Trovare all’ECG segni di infarto suggerisce la presenza di aterosclerosi coronaria e di fattori che la favoriscono (ipertensione, obesità, ipercolestrerolemia, fumo, diabete mellito,…). Nei soggetti esenti da fattori di rischio e di età inferiore a 40 anni bisogna sospettare la presenza di una miocardiopatia ipertrofica o di altra natura.

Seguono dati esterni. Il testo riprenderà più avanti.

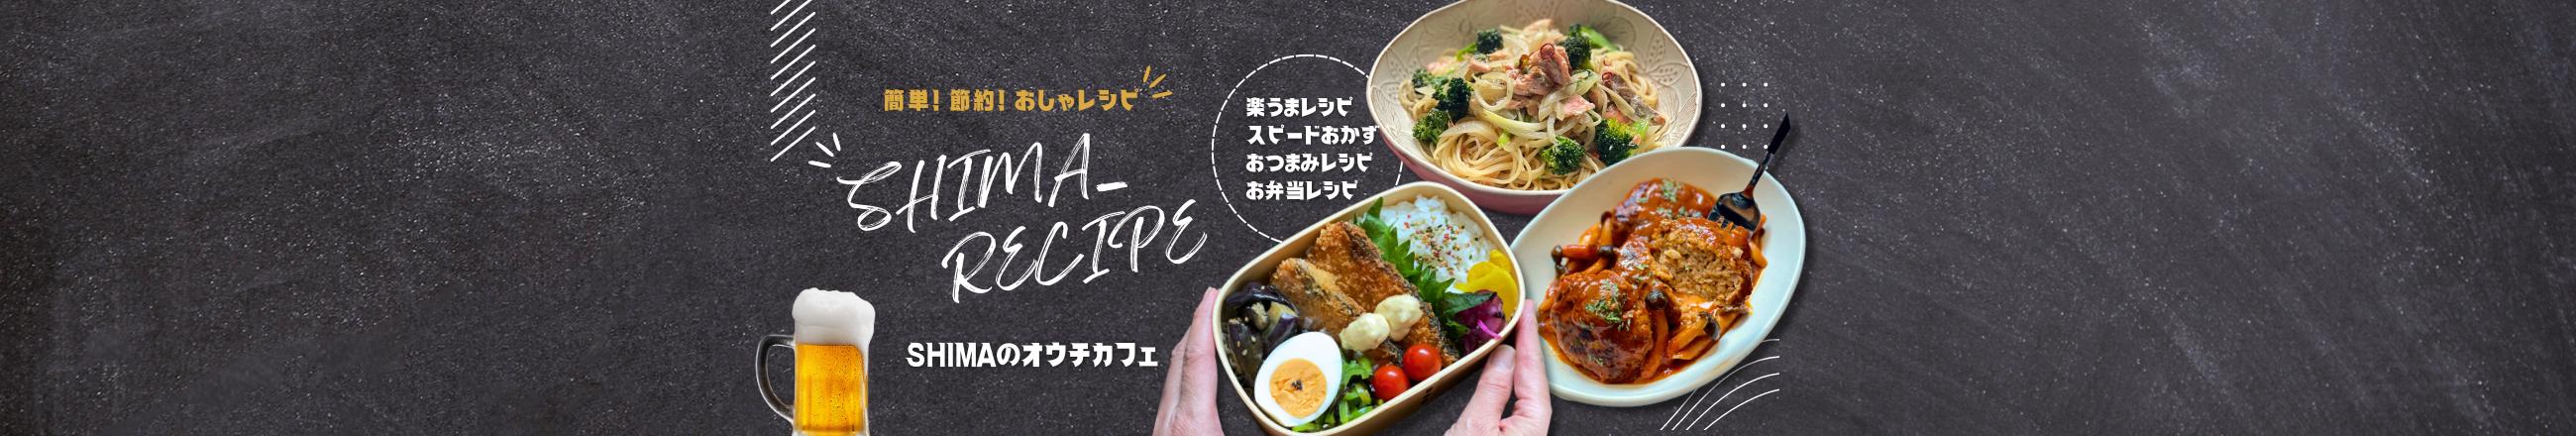 簡単!節約!おしゃレシピ 〜SHIMAのオウチカフェ〜

REGISTRAZIONE: si fa stendere il paziente supino sul letto a torace nudo e si applicano gli elettrodi ai polsi e alle caviglie per le derivazioni periferiche ( rosso per il polso dx, giallo per il polso sn, nero per la caviglia dx e verde per la caviglia sn) e nell’area precordiale per le derivazioni omonime:
- V1 quarto spazio intercostale sulla marginosternale dx
- V2 quarto spazio intercostale sulla marginosternale sn
- V3 quinto spazio intercostale sulla parasternale sn
- V4 tra V3 e V5
- V5 quinto spazio intercostale sull’emiclaveare sn
- V6 quinto spazio intercostale sull’ascellare anteriore sn.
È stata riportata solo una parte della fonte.